### [TASK ITEM]
A stretch of the entries below is to be set down exactly, running from the line with "Album cover for" through the line with "honda cb750 revealed", both included, and no other line.

### [INFORMATION]

__________

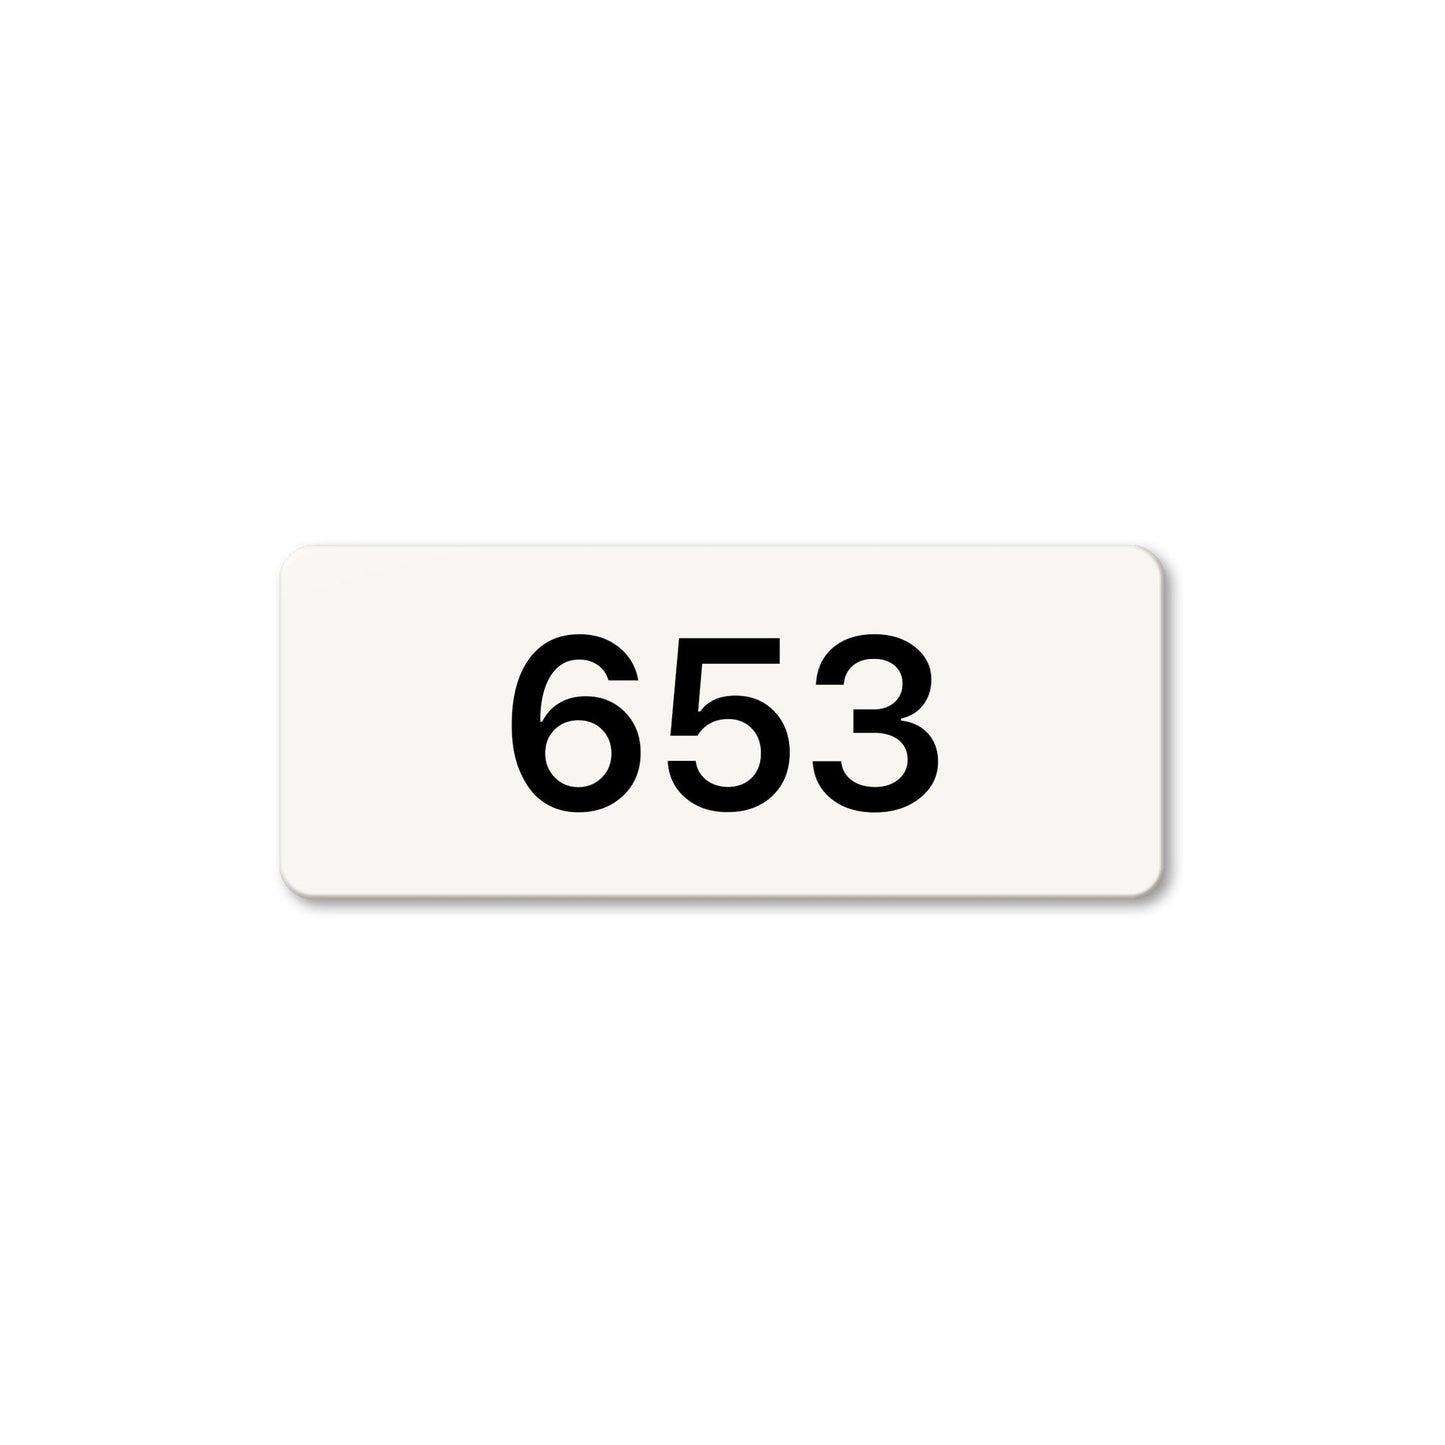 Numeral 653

__________

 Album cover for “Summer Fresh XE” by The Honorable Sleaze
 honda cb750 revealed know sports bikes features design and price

__________

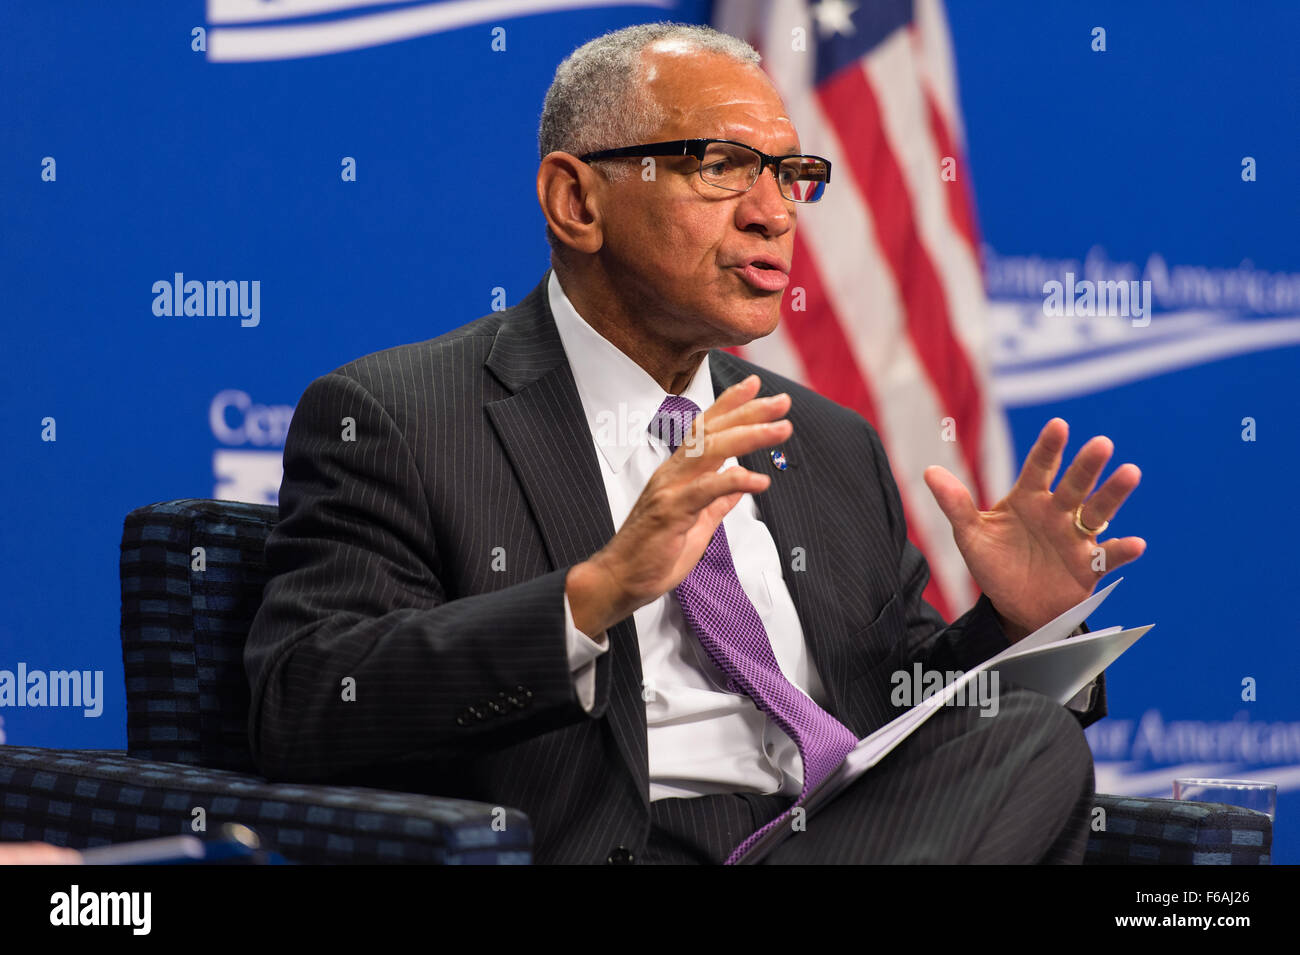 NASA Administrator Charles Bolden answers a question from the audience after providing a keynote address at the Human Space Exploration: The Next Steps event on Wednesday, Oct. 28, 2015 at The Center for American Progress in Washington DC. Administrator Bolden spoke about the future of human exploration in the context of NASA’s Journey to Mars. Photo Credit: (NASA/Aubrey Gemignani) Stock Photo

__________

### [ANSWER BELOW]
 Album cover for “Summer Fresh XE” by The Honorable Sleaze
 honda cb750 revealed know sports bikes features design and price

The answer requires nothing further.